*** INFORMATION Section Begins ***

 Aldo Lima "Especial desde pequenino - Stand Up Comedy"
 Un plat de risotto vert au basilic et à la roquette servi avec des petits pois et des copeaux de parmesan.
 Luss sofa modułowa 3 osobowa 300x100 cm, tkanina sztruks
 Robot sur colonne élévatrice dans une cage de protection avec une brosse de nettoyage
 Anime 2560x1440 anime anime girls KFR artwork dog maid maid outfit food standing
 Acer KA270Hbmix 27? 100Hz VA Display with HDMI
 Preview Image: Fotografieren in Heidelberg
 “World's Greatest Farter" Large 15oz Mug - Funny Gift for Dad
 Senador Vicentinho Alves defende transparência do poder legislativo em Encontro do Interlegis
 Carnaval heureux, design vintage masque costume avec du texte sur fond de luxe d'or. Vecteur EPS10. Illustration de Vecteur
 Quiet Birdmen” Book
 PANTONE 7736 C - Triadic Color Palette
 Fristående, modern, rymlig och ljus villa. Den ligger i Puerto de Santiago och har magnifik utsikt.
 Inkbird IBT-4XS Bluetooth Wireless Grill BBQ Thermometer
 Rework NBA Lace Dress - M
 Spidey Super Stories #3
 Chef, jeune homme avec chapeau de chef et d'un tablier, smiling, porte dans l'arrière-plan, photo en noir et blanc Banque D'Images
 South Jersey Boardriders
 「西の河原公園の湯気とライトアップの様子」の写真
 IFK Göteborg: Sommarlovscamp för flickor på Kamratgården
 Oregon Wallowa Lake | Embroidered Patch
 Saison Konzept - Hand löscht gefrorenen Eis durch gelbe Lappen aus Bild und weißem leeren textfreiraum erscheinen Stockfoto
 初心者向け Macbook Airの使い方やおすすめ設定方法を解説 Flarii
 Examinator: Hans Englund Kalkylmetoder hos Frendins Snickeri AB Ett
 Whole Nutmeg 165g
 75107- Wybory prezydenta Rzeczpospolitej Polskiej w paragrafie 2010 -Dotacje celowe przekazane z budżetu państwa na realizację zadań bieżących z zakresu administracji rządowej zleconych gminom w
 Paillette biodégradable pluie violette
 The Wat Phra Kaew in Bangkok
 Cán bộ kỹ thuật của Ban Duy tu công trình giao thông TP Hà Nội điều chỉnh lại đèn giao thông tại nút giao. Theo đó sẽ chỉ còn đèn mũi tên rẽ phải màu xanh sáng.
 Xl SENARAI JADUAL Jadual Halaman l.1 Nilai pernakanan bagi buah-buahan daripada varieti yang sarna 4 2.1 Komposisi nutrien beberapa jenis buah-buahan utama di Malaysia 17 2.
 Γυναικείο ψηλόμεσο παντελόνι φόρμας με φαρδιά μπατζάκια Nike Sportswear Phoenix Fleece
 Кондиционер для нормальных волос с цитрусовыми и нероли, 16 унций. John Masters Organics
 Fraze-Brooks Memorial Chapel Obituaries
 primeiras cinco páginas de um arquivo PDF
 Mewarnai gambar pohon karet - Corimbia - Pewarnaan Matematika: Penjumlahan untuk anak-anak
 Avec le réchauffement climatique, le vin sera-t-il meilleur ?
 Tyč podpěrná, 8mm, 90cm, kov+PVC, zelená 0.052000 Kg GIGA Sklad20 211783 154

*** INFORMATION Section Ends ***

INSTRUCTIONS FOR THE TASK: Output only the count of lines in the data containing "dans".

WRITTEN SOLUTION: 2